According to IBM, Candidate Assistant drives on average to a three times increase in application conversion rate and reduced candidate abandonment, and its users are 64 percent more likely to secure in-person interviews.

“Greenhouse’s clients are high growth and have a need to engage high-quality job seekers in a more personalized manner,” Bob Schultz, general manager, IBM Watson Talent and Collaboration Solutions, said in a statement. “Partnering, we’re helping Greenhouse and their customers provide an exceptional candidate experience and quickly guide job seekers to the right position with the help of AI.”

Greenhouse and IBM aren’t the only ones applying AI to the problem of recruitment. Hiretual recently raised $5 million for its automated candidate sourcing tech. Vervoe in August unveiled an AI platform that evaluates applicants’ on-the-job skills and automatically recommends the top scorers to hiring managers.
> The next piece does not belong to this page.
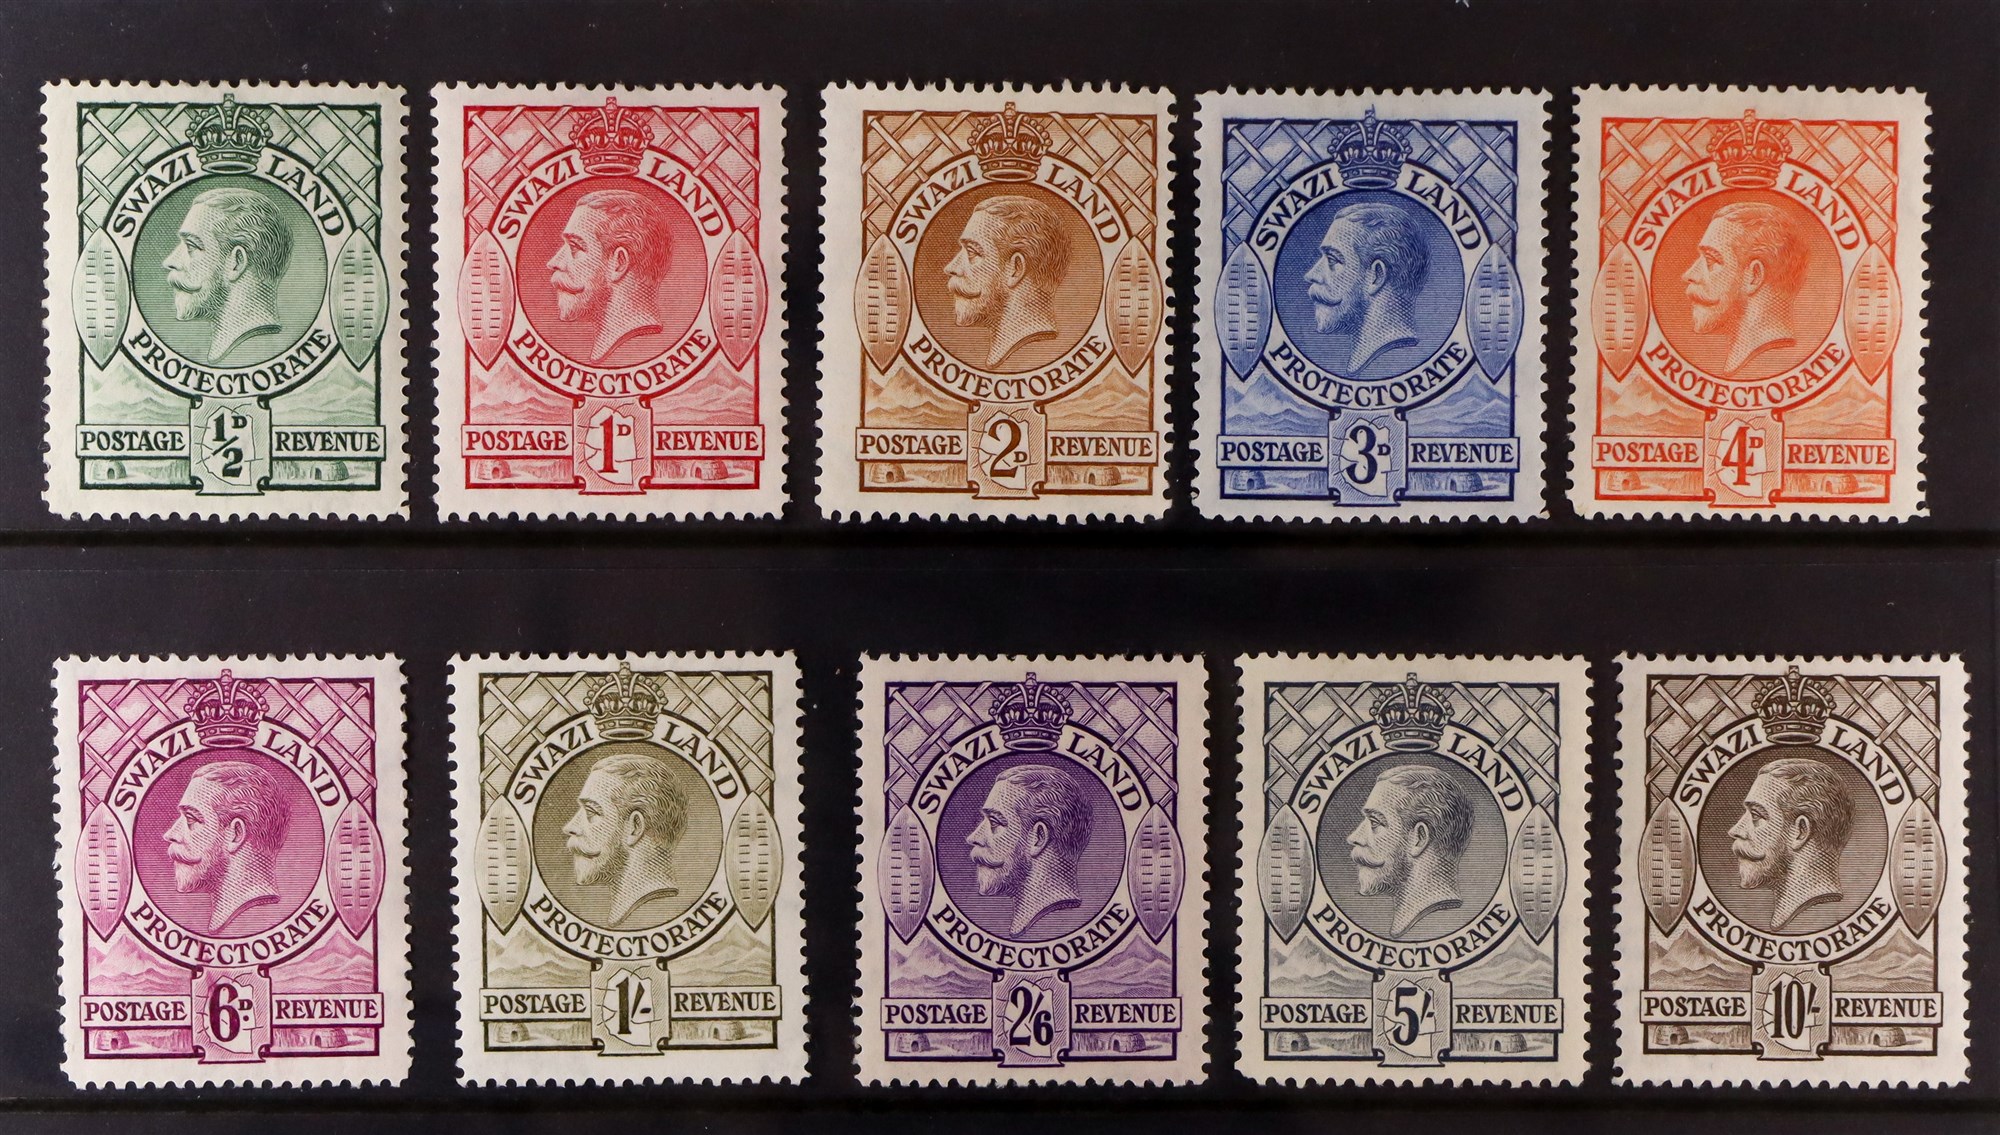 SWAZILAND 1933 Shields set, SG 11/20, fine mint. Cat. £180 (10 stamps)

And market incumbent ZipRecruiter early this summer debuted Candidate Calibration, which has employers rate potential matches for jobs to find similar candidates in its database.

But at least so far, Greenhouse’s strategy has been enough to win over investors like Riverwood Capital, which in July participated in a $50 million funding round. The startup has raised $110 million altogether since 2012.

At the time of the fundraising announcement, Greenhouse CEO Chait said the company would use the new capital to scale its diversity and inclusion feature, which organizes demographic data and suggests ways users can act more fairly when they’re writing job postings, conducting interviews, and making referrals.